64 inch turkey creek longbow 45#@28'


----------



## returntoarchery (Nov 29, 2008)

Pittsley Predator 51@28.


----------



## Bowana (Nov 30, 2008)

Flatwoods Custom longbow, 62# @ 28"


----------



## SELFBOW (Nov 30, 2008)

Apex Predator said:


> Apex Predator longbows



Never heard of them. Who makes them?


----------



## WildmanSC (Dec 2, 2008)

*Massie M Recurve and Dale Dye Recurve*

I shoot two recurves.  Both are 62" and 49#@28"/

Massie M recurve:






Dale Dye Recurve:






The Dye is presently at Rich Lopez's shop having the draw weight reduced to 49#, the limb tips converted to FF compatible and the bow refinished.
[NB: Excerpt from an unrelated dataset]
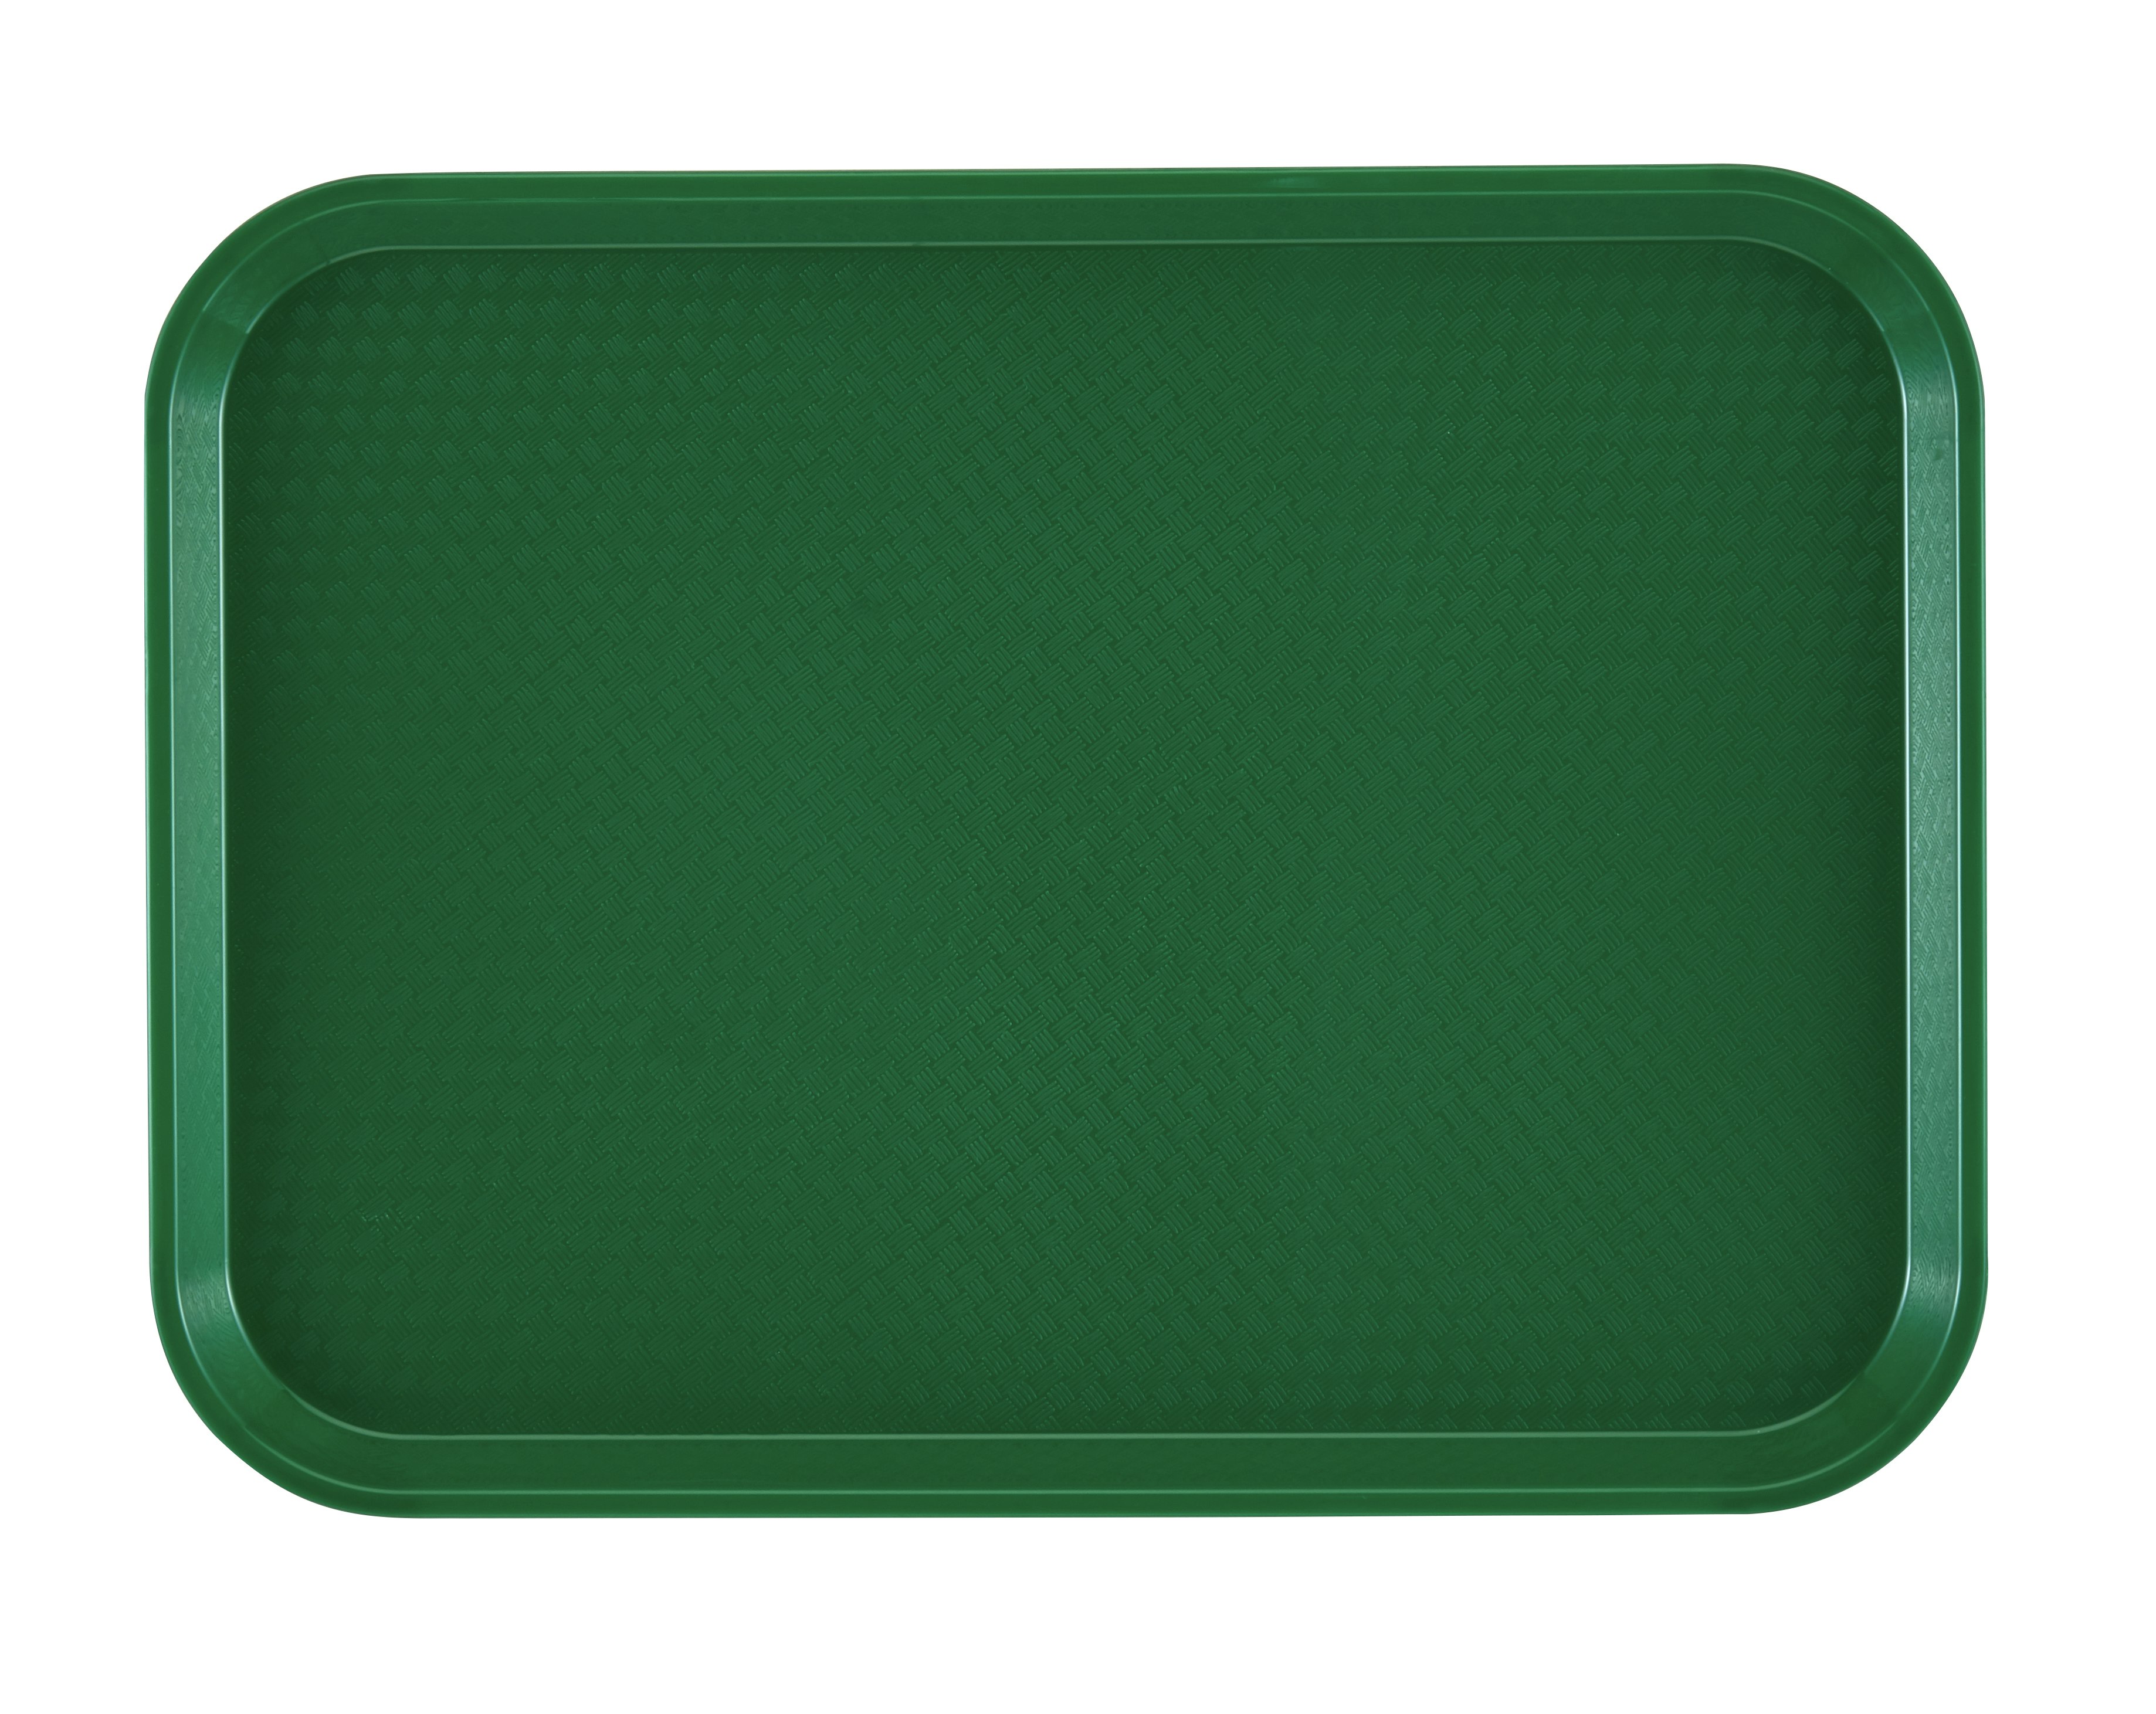 Cambro Fast Food Tray in Green Polypropylene with Heat Resistance 410 mm

I also have a Marriah Thermal on order with Ric Anderson.  It will break the Cocobolo riser pattern I have with the Massie and Dye recurves.  It will have Macassar Ebony on the backside and belly of the riser with Bocote through the center plus whatever Ric decides to use for the accents.  The limbs will be Yew and once again I'm leaving the accenting to Ric.  It, too, will have a target weight of 49#.

Bill


----------